Would you repeat the listing below verbatim and drop the images?

◆ **Available data**:

•••••

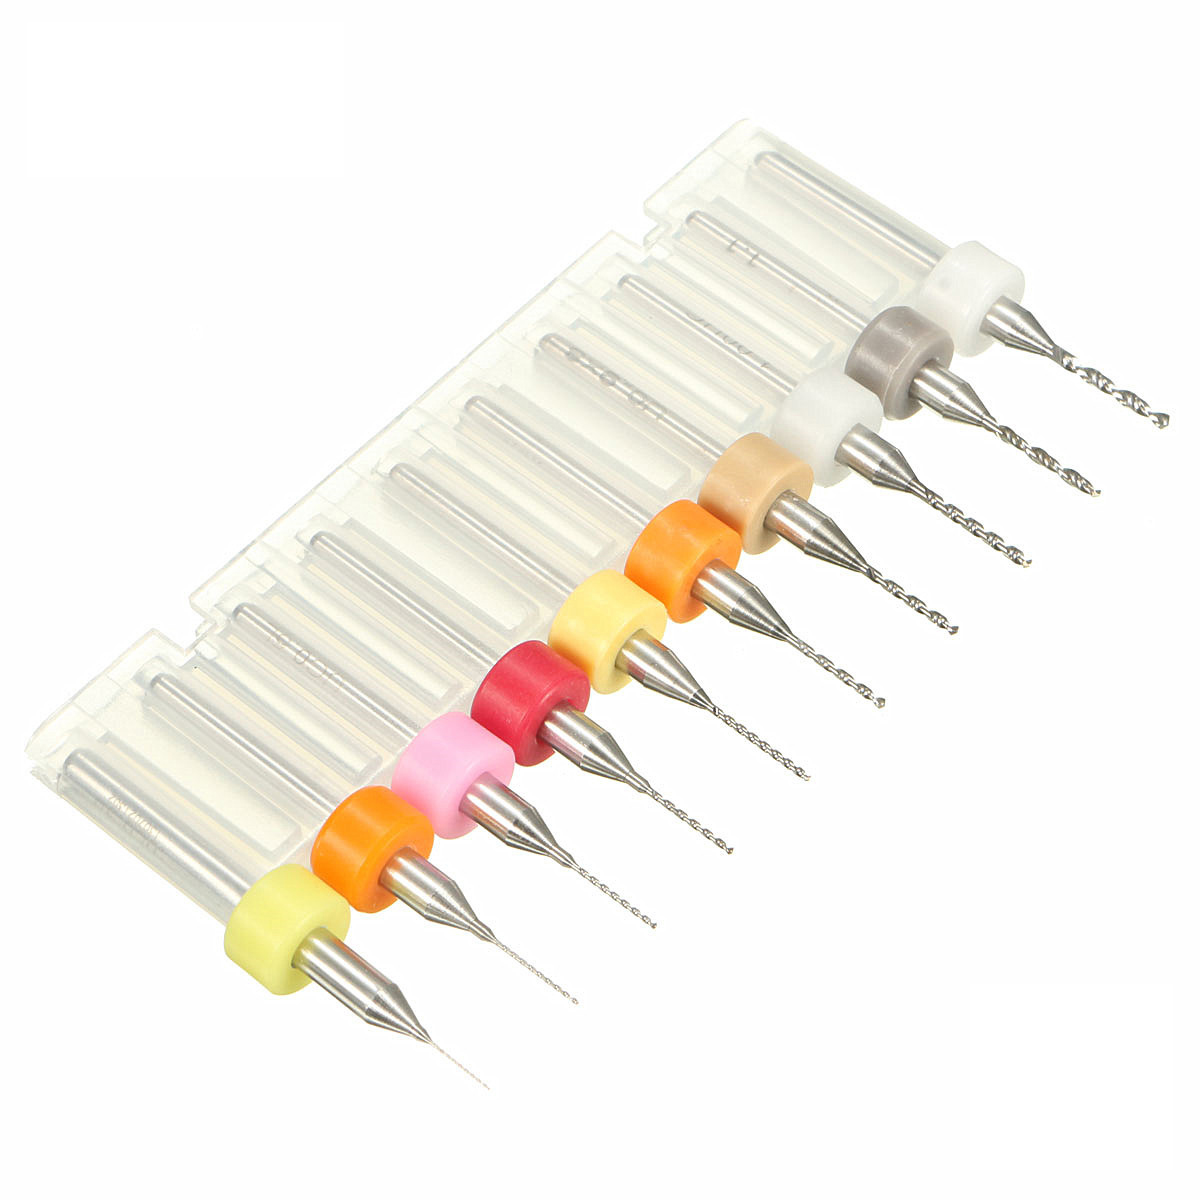 PCB Details about   10pcs Carbide Micro Drill Bits PCB Print Circuit Board Cutting Tool
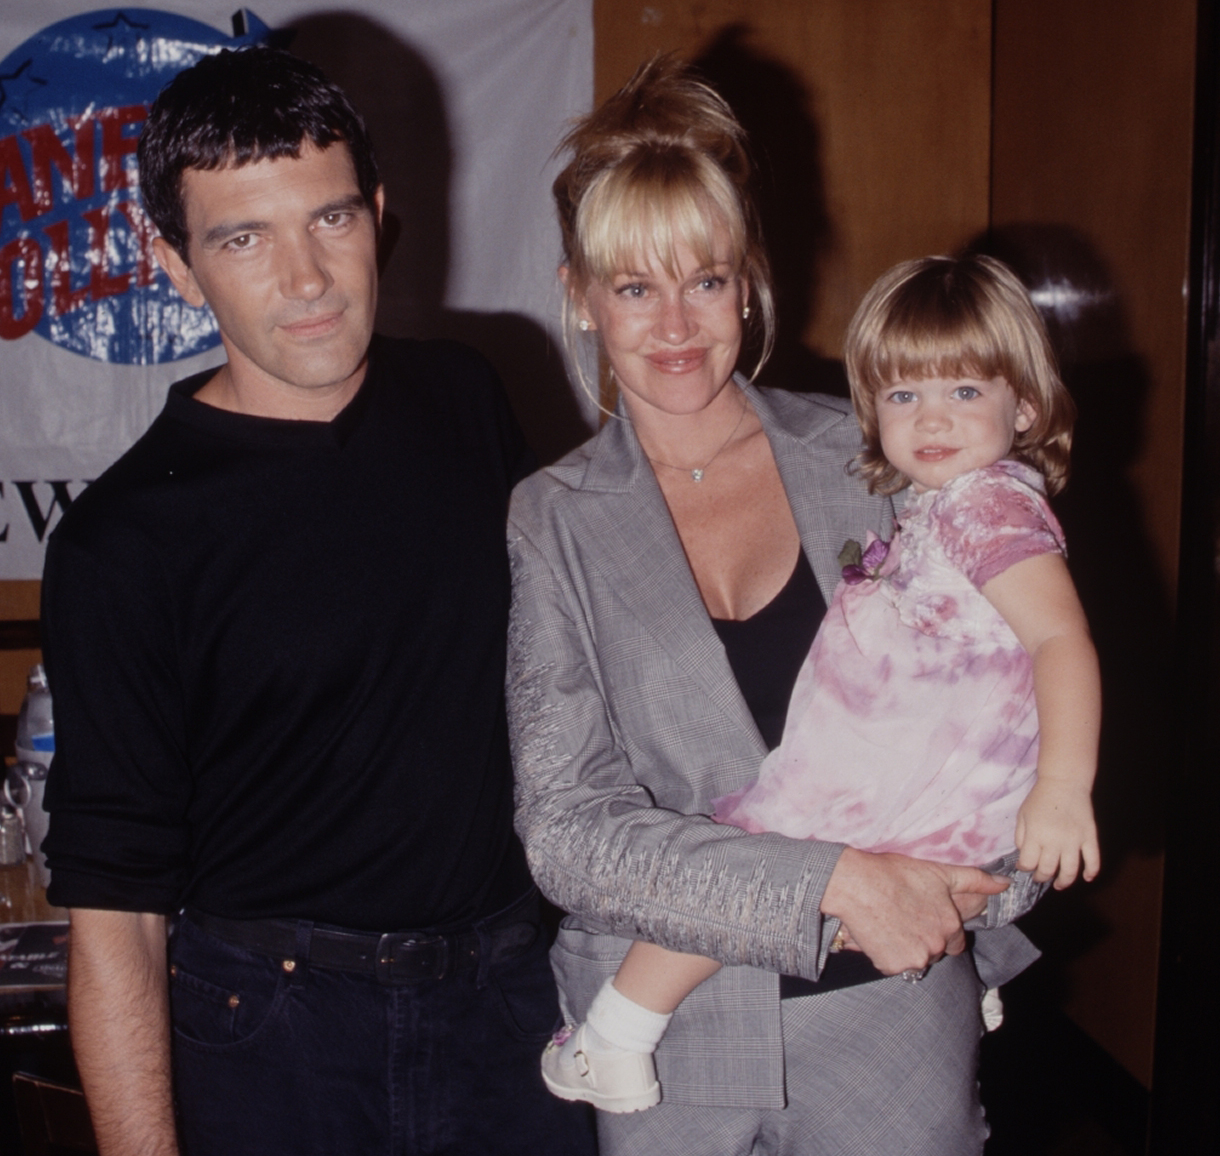 <p><a href="https://www.wonderwall.com/celebrity/profiles/overview/antonio-banderas-1193.article">Antonio Banderas</a> and then-wife Melanie Griffith posed with daughter Stella del Carmen, then 21 months old, at Planet Hollywood on July 16, 1998. Now see what she looks like as an adult...</p>
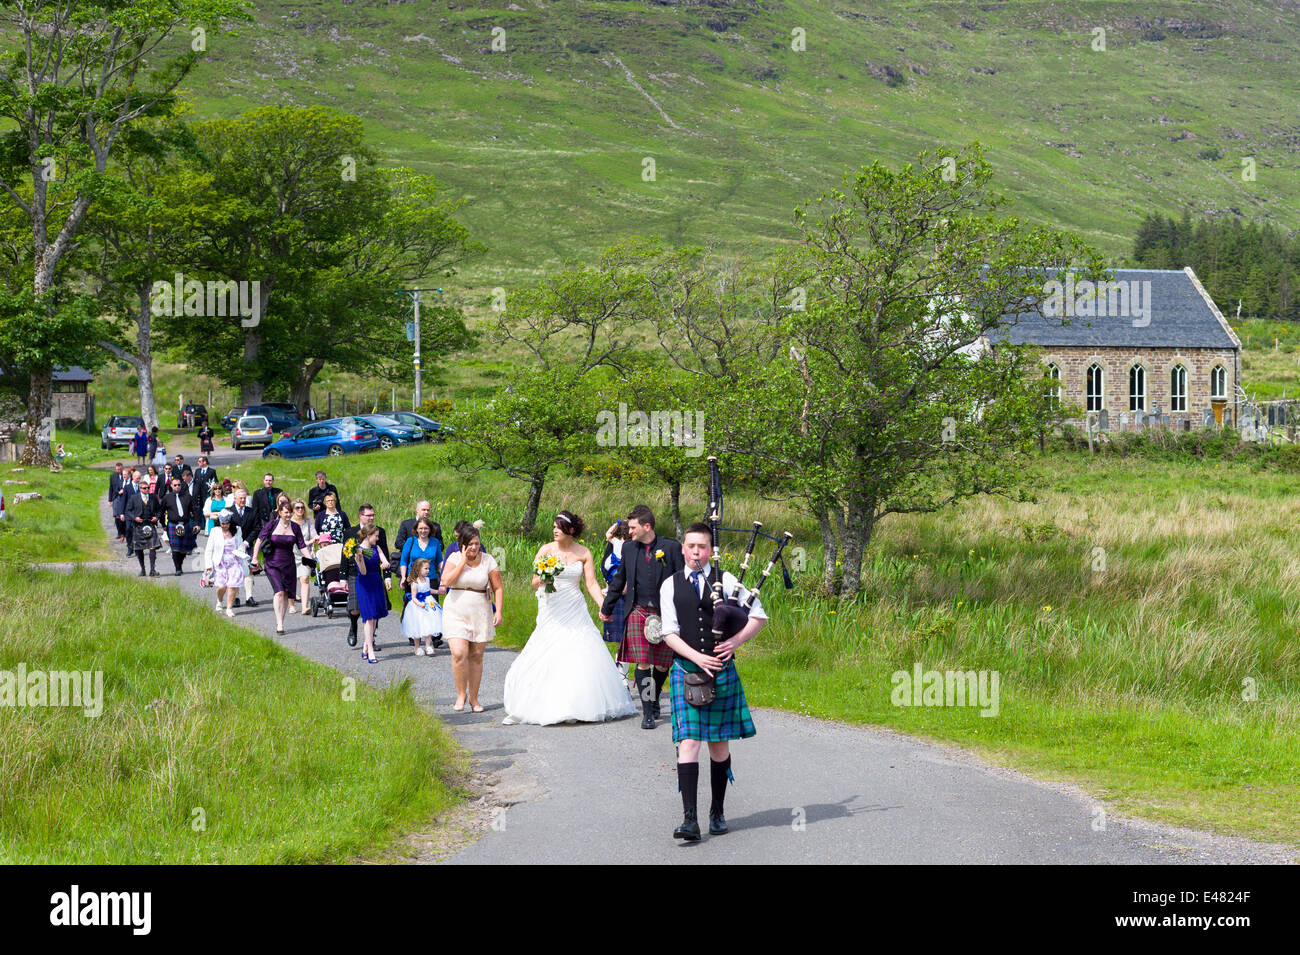 Highland Scottish wedding.  Piper leads procession of bride, groom and guests from Clachan Church in the Highlands of SCOTLAND Stock Photo

•••••

◆ **Solved exercise**:
 PCB Details about   10pcs Carbide Micro Drill Bits PCB Print Circuit Board Cutting Tool
 <p><a href="https://www.wonderwall.com/celebrity/profiles/overview/antonio-banderas-1193.article">Antonio Banderas</a> and then-wife Melanie Griffith posed with daughter Stella del Carmen, then 21 months old, at Planet Hollywood on July 16, 1998. Now see what she looks like as an adult...</p>
 Highland Scottish wedding.  Piper leads procession of bride, groom and guests from Clachan Church in the Highlands of SCOTLAND Stock Photo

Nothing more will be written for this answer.